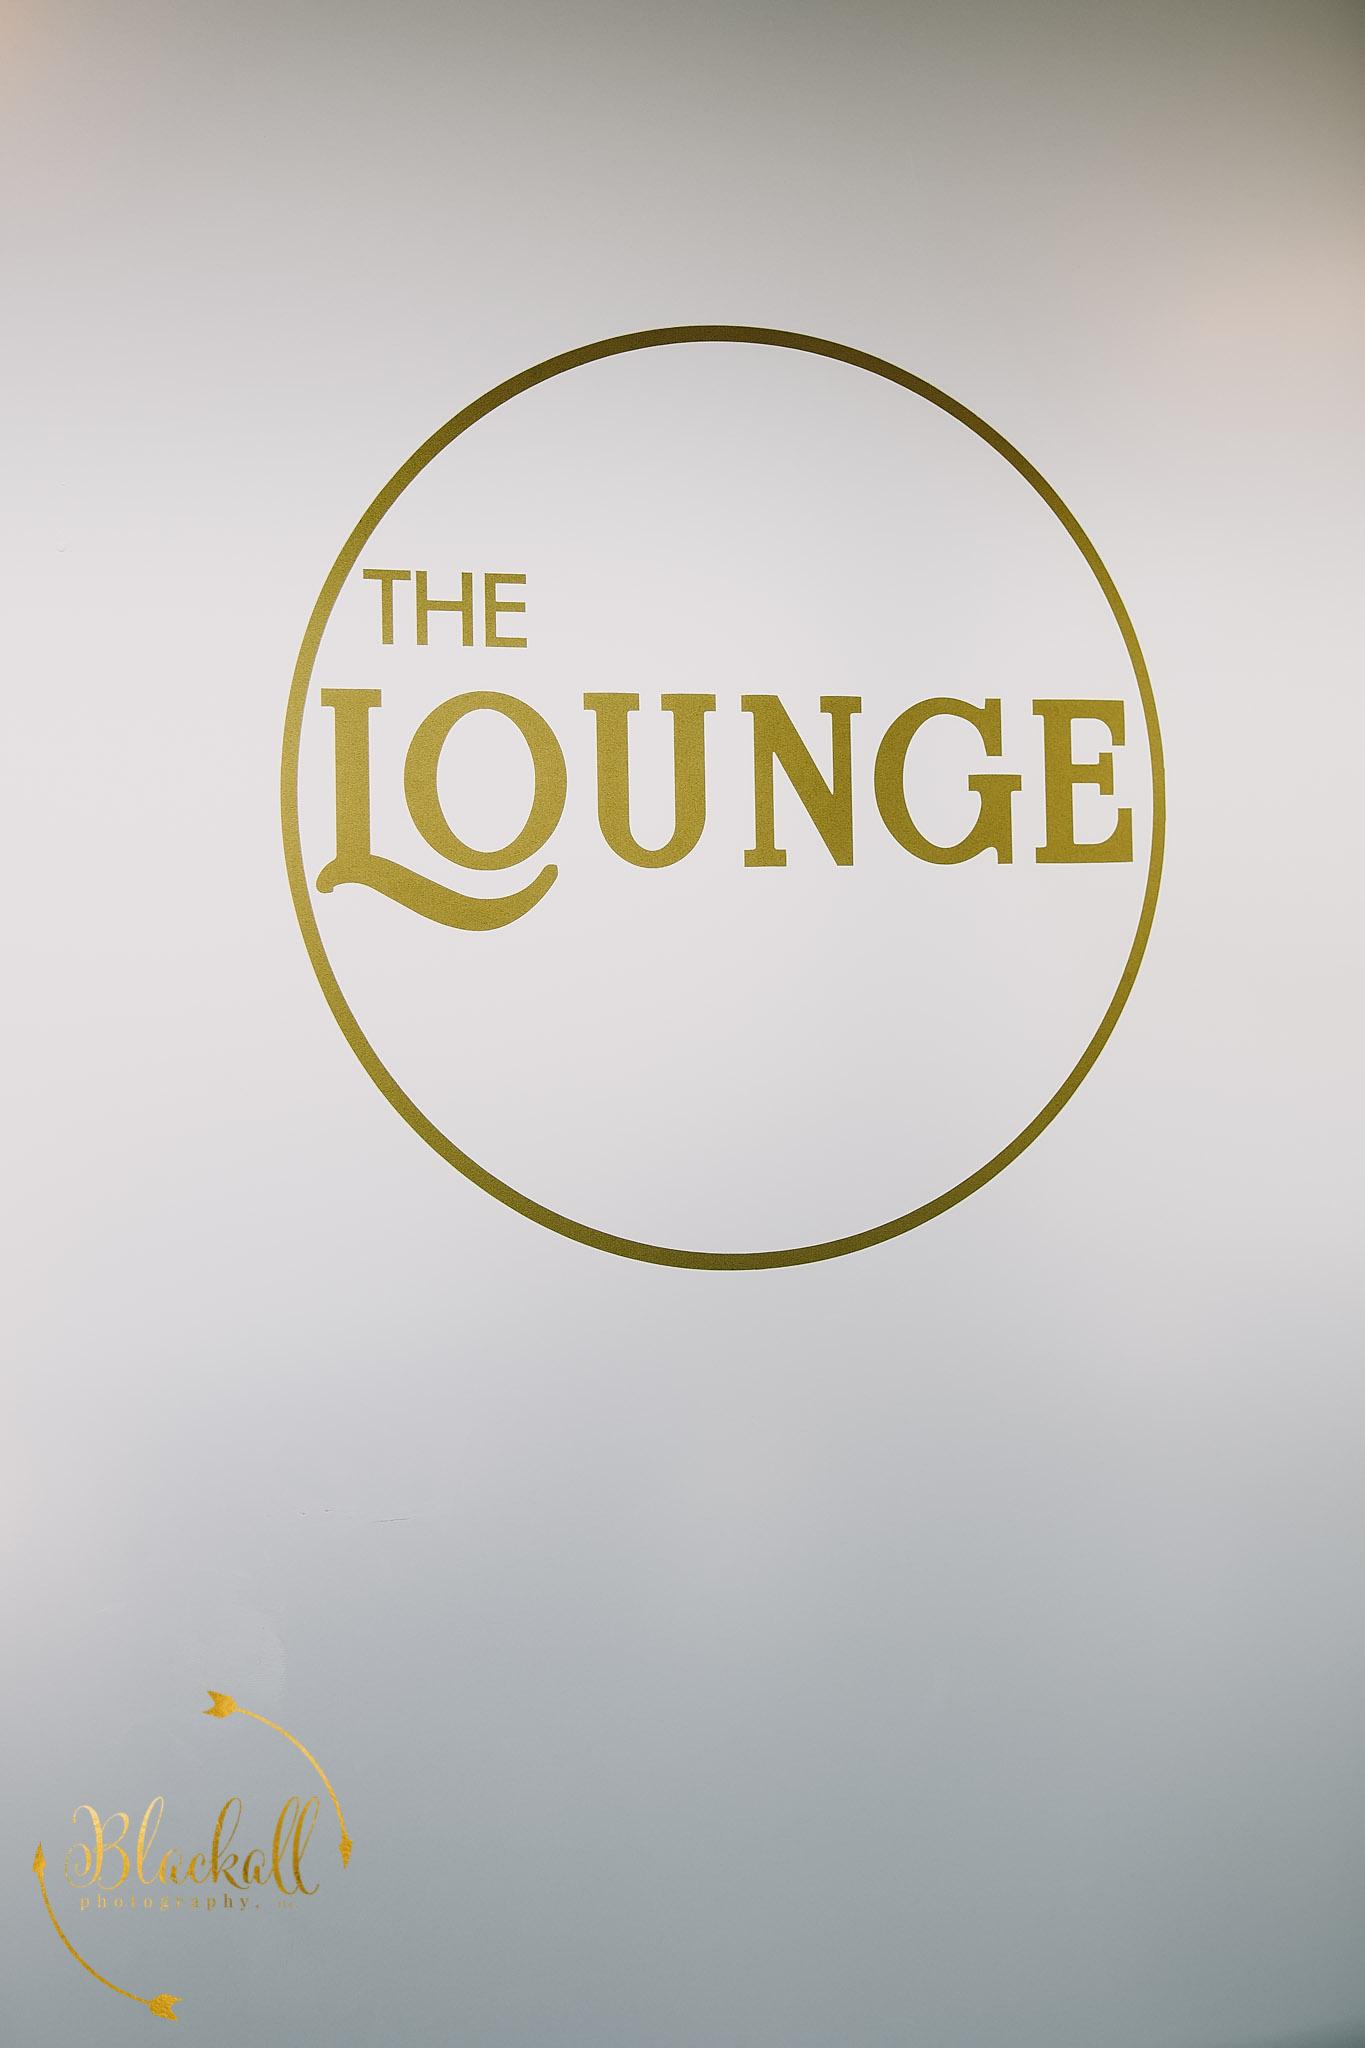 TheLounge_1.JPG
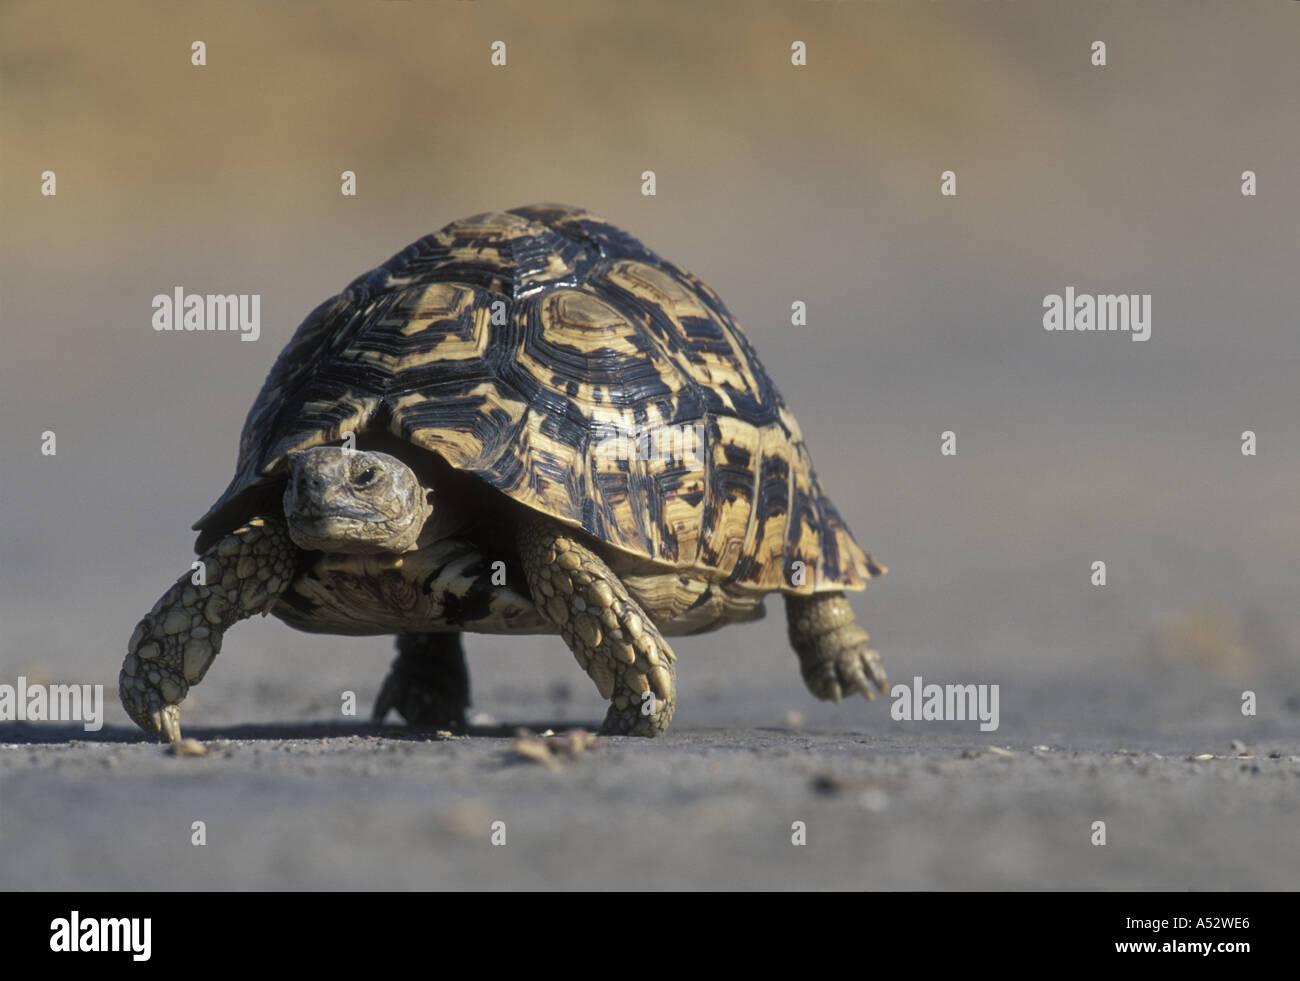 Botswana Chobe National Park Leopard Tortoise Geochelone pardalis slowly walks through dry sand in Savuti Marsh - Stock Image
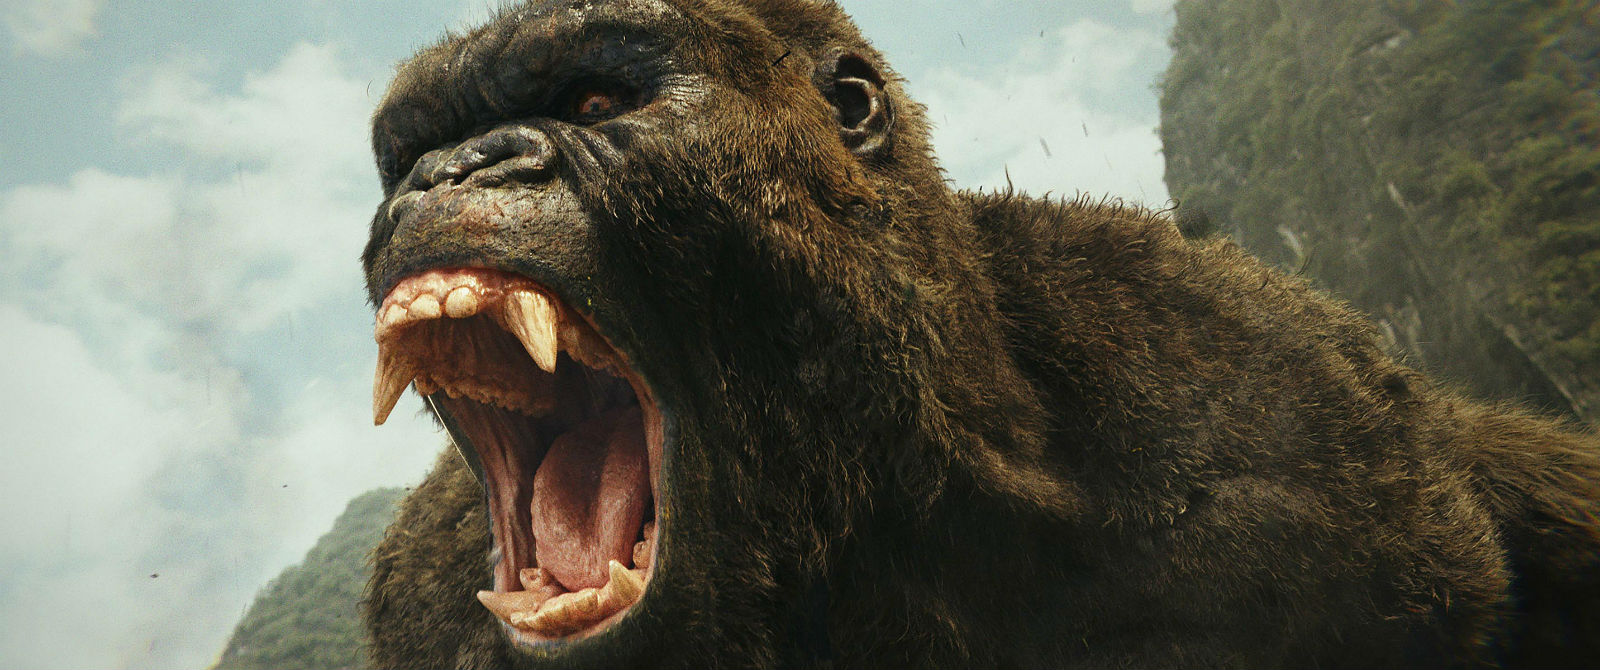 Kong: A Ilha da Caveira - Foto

▸ YOUR OBJECTIVE: Restate the material above exactly. Exclude all pictures.

▸ ANSWER TO THE EXERCISE:
 TheLounge_1.JPG
 Botswana Chobe National Park Leopard Tortoise Geochelone pardalis slowly walks through dry sand in Savuti Marsh - Stock Image
 Kong: A Ilha da Caveira - Foto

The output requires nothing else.